All of the logs are captured by the same run.

In the Neptune app, you can browse the logs in All metadata or display them in a custom dashboard.

Enabling monitoring in interactive sessions#

By default, monitoring of system metrics is turned off for interactive Python kernels, such as Jupyter notebooks. This includes logging of hardware consumption and standard streams (stdout and stderr).
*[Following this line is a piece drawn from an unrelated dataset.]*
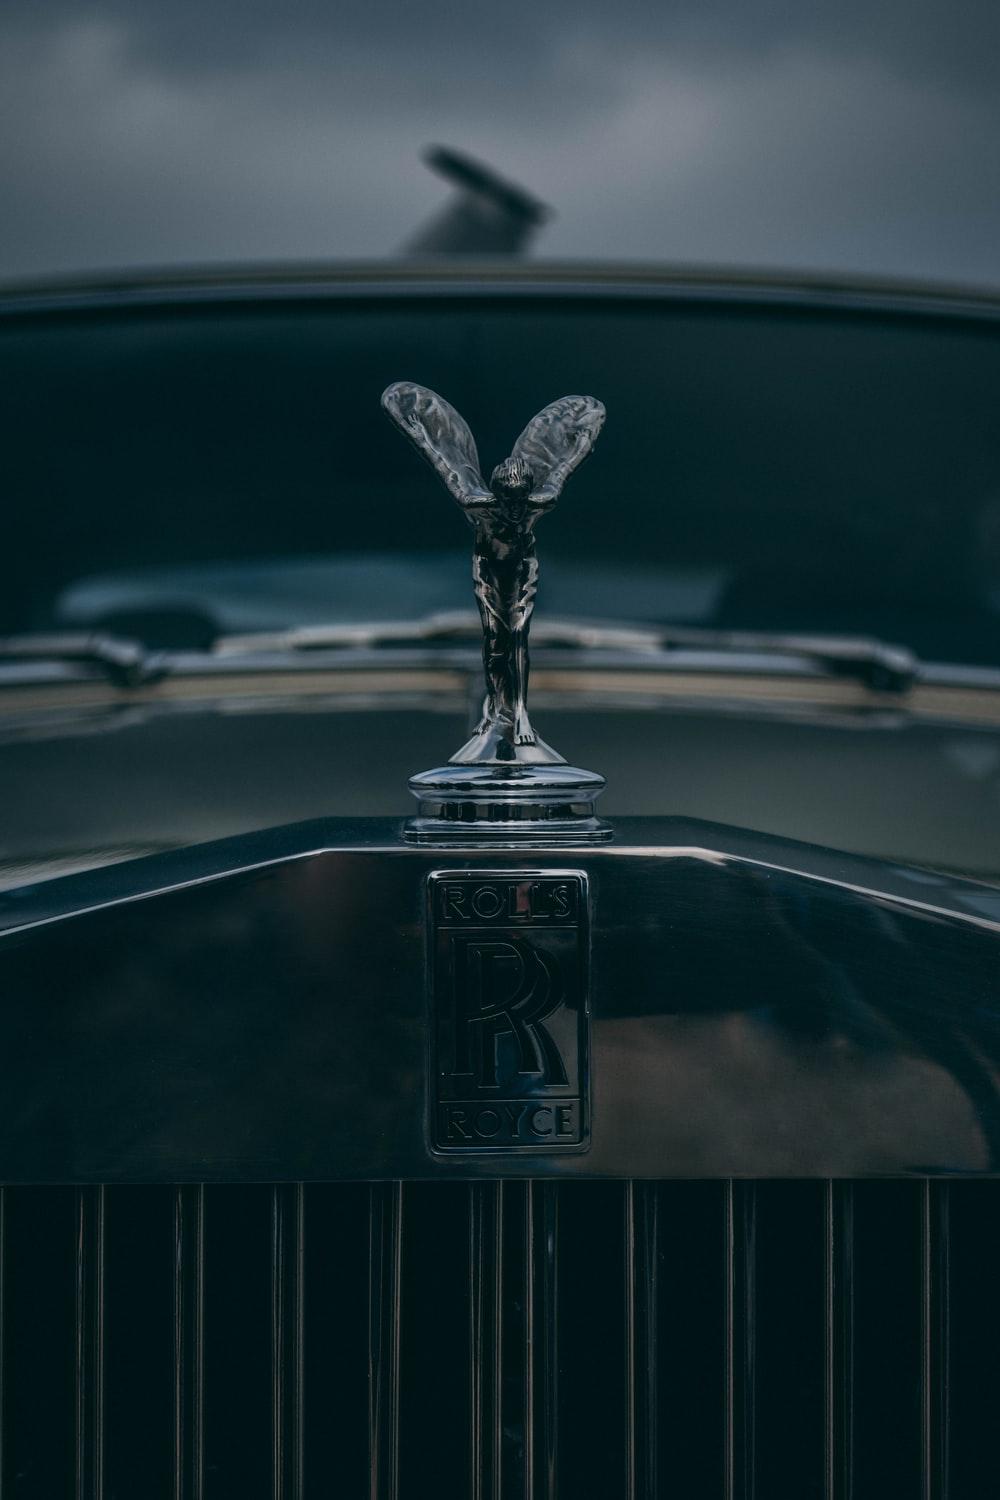 Rolls Royce Phantom Picture. Download Free Image

To turn it on, you need to explicitly set the related initialization parameters to True:

>>> import neptune
>>> run = neptune.init_run(
...     capture_hardware_metrics=True,
...     capture_stderr=True,
...     capture_stdout=True,
...     capture_traceback=True,
... )

Disabling monitoring#

To turn off system monitoring, use one or more of following options with init_run():

run = neptune.init_run(
    capture_hardware_metrics=False,
    capture_stdout=False,
    capture_stderr=False,
    capture_traceback=False,
)

Setting all of the above options to False prevents the creation of a monitoring namespace altogether.